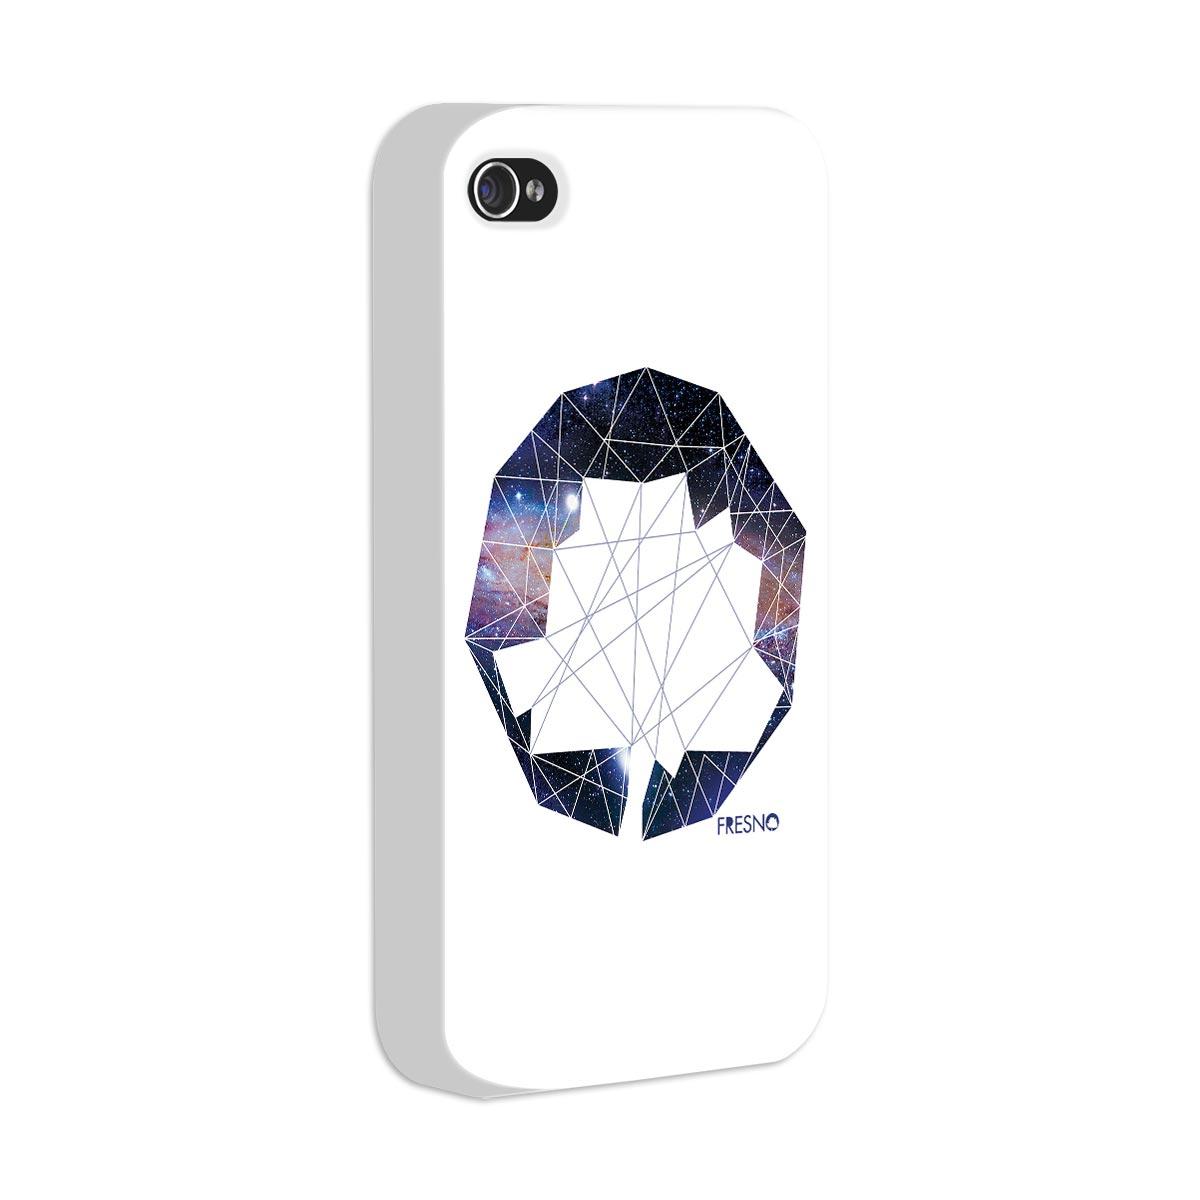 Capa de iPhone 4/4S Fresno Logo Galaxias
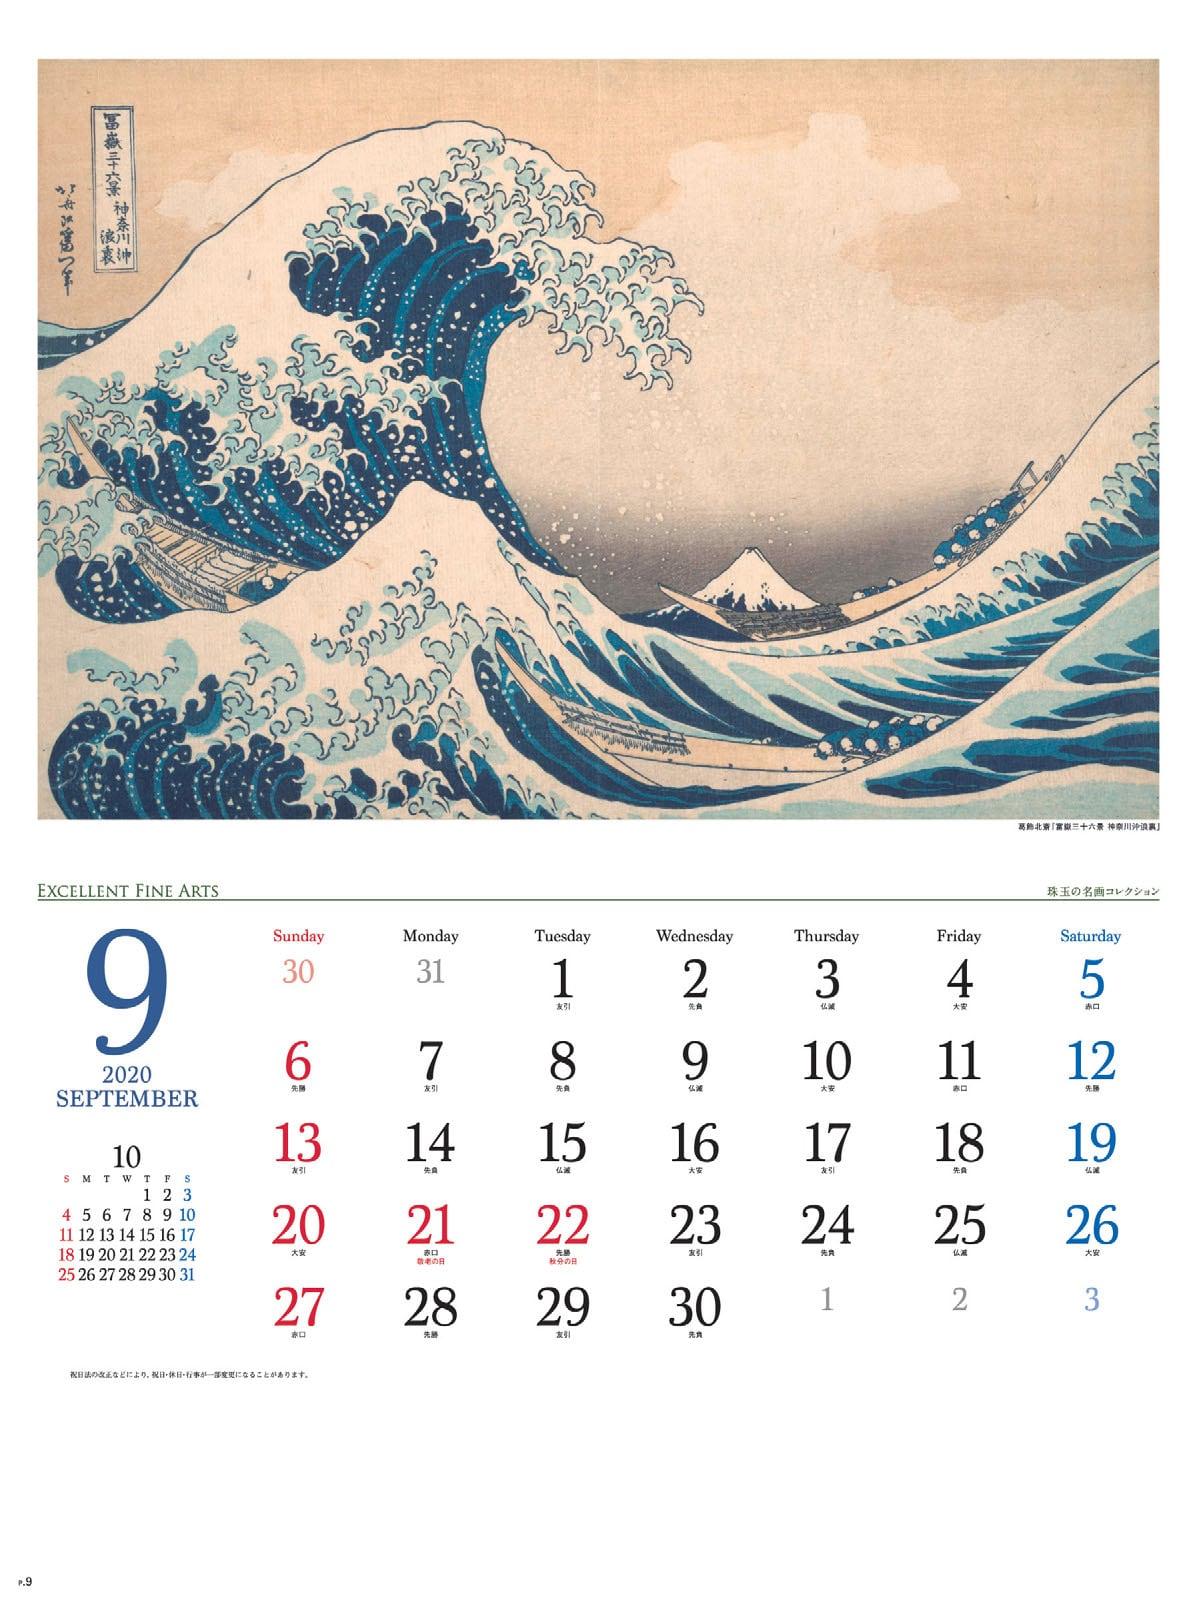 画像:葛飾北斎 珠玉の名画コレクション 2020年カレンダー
* * * * * * * * *
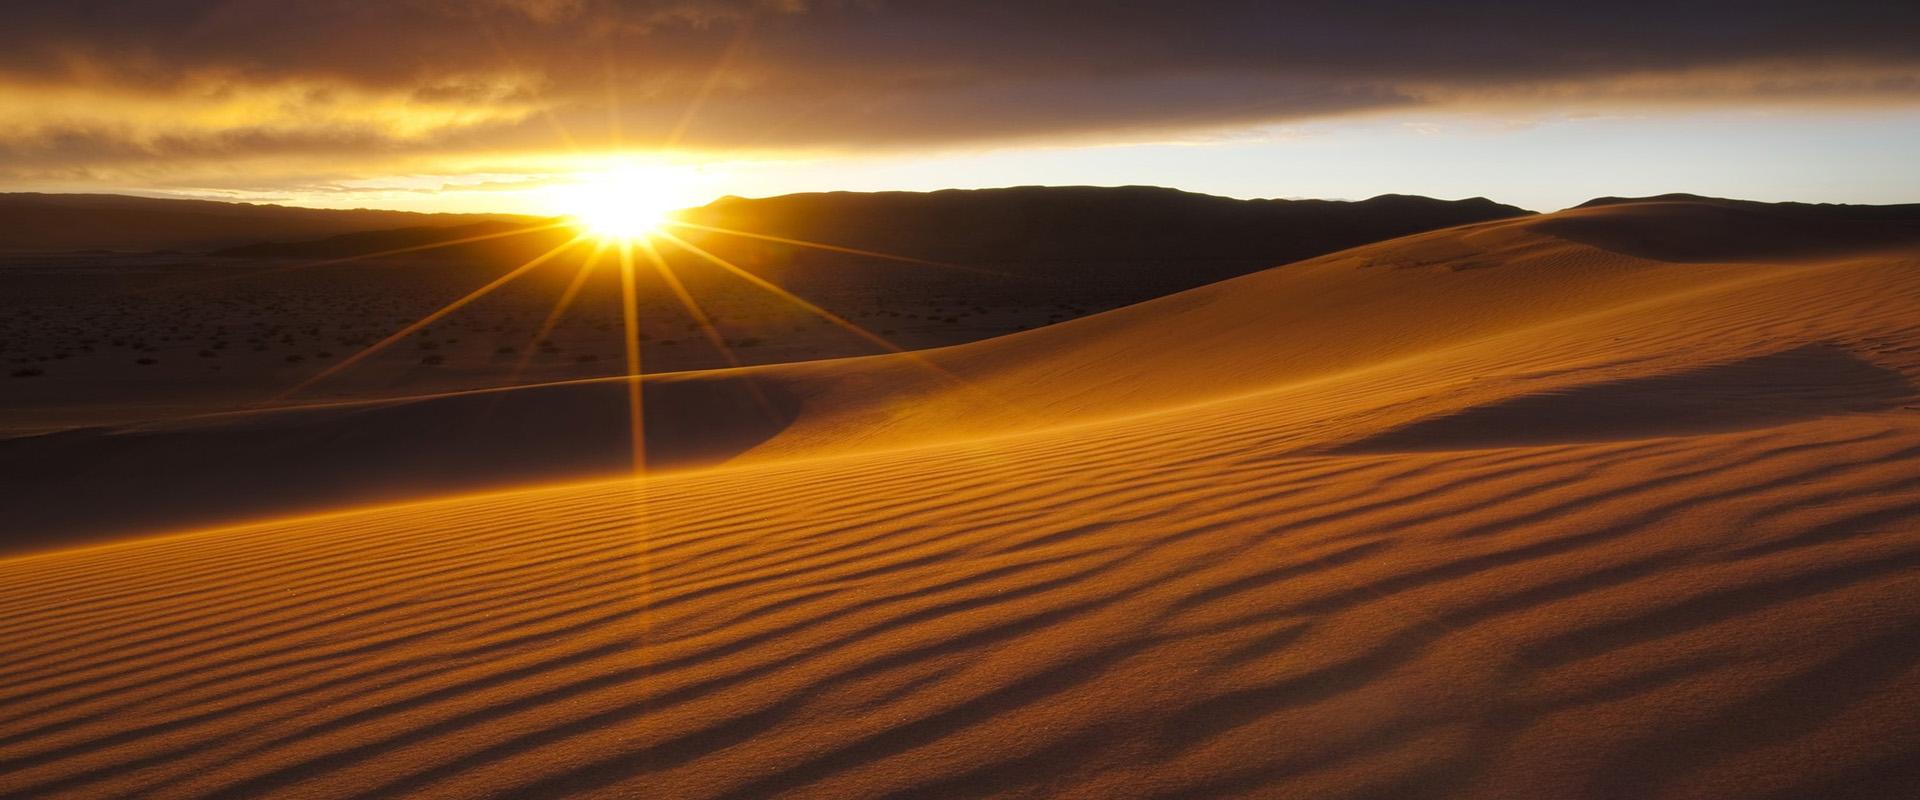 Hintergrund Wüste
* * * * * * * * *
● Your assignment
Using the entries above, transcribe exactly from the line that has "Capa de iPhone 4/4S Fresno Logo Galaxias" through the line that has "画像:葛飾北斎 珠玉の名画コレクション 2020年カレンダー". Pictures are dropped.

● Answer to the problem
 Capa de iPhone 4/4S Fresno Logo Galaxias
 画像:葛飾北斎 珠玉の名画コレクション 2020年カレンダー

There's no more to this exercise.